Today, on Halloween 2018, Vander Mey encourages Christ-followers to examine Halloween from a scriptural and biblical point-of-view. As you do, pray for the protection of innocent lives.

“We play around with this stuff and we think it’s benign, but I can assure you it’s not because Scripture says it’s not,” says Vander Mey, referring to Ephesians 6.

“The Scriptures say, ‘Our battle’s not against flesh and blood, but against principalities and powers’.”

Vander Mey shares the account of a girl he knew several years ago. This young woman was anorexic, weighing less than 100 pounds but standing at a height of 5’10”.  He says he’ll never forget what she told the church leaders who gathered to pray for her one night.

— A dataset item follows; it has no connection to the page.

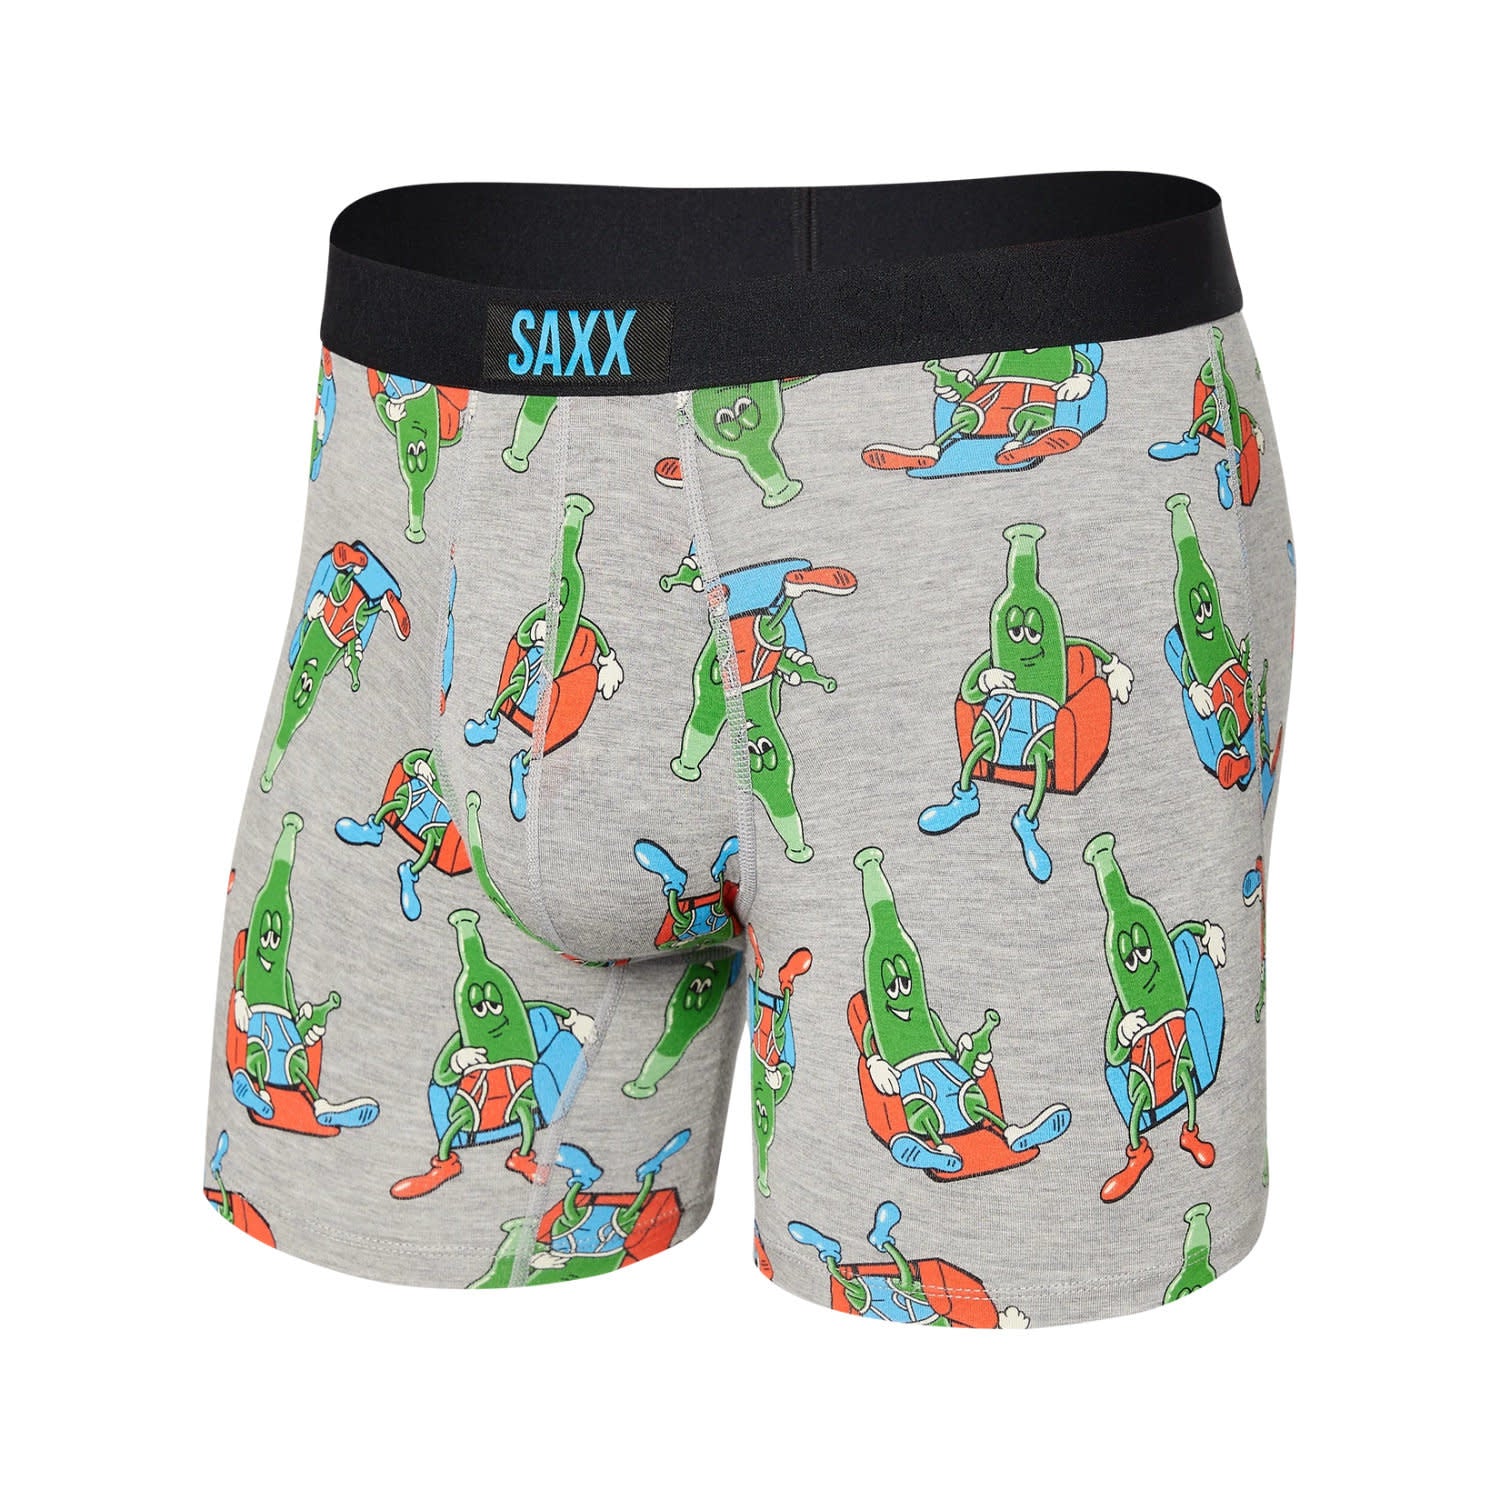 SAXX Vibe Super Soft Boxer Brief - Pants Drunk - Grey Heather - 1 - Underwear - Boxer Briefs
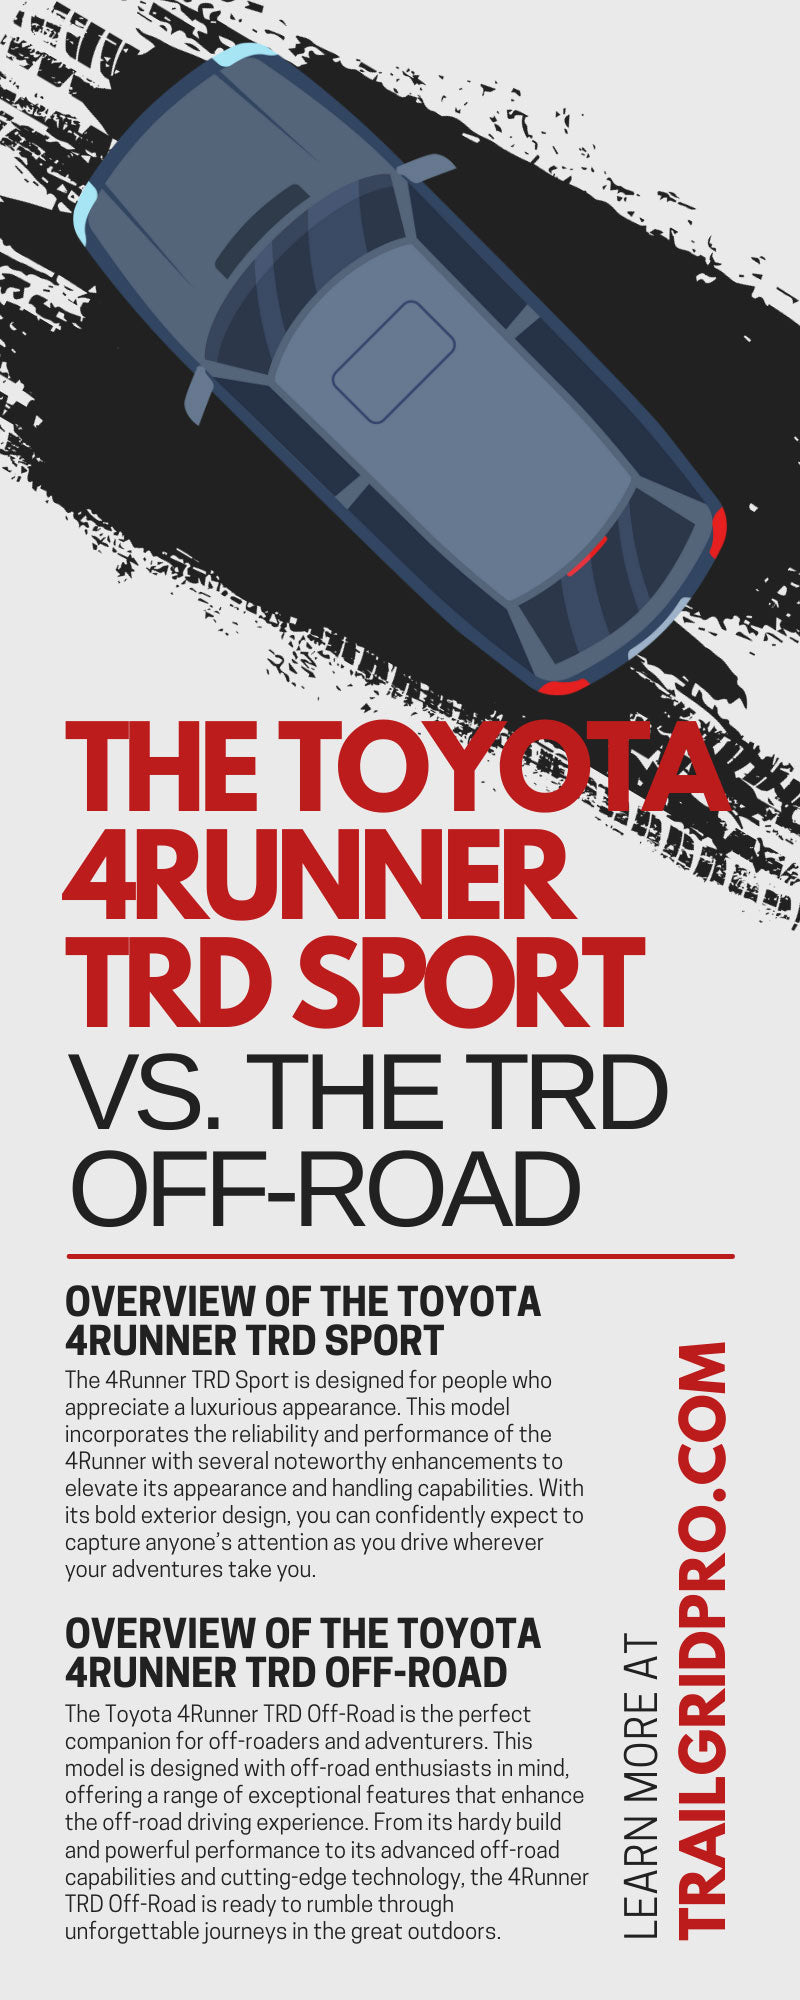 The Toyota 4Runner TRD Sport vs. the TRD Off-Road

“Every time she tried to comb her hair in the mirror, three demons would manifest and tell her what she could and could not eat.”

Further conversation with the young woman revealed what Vander Mey calls the “core” of the issue.

(Photo by João Jesus from Pexels)

“When she was 12 years old, she went to a woman’s house who was a practicing sorceress. Her daughter was trained in sorcery, and [the girls] played ‘Light as a Feather’, just playing around with it. That’s where those three entities were assigned to her,” he recounts.

“That woman suffered and nearly died because of that ‘playing around’…I’ll never forget that night because it gave me a paradigm shift.”

Children are especially vulnerable to experimenting with the occult, he continues, because of their God-given curiosity. Look at the Harry Potter books, he says. “It’s just fantasy literature, it’s just pretend, right? But, 10% of children who read Harry Potter will experiment with the occult. They will try to do magic and they will try to do spells.

“Because of our fallen human nature, we’re going to have a curiosity about evil. We kind of ‘play around’ with this stuff, and I just don’t think it’s very healthy spiritually.”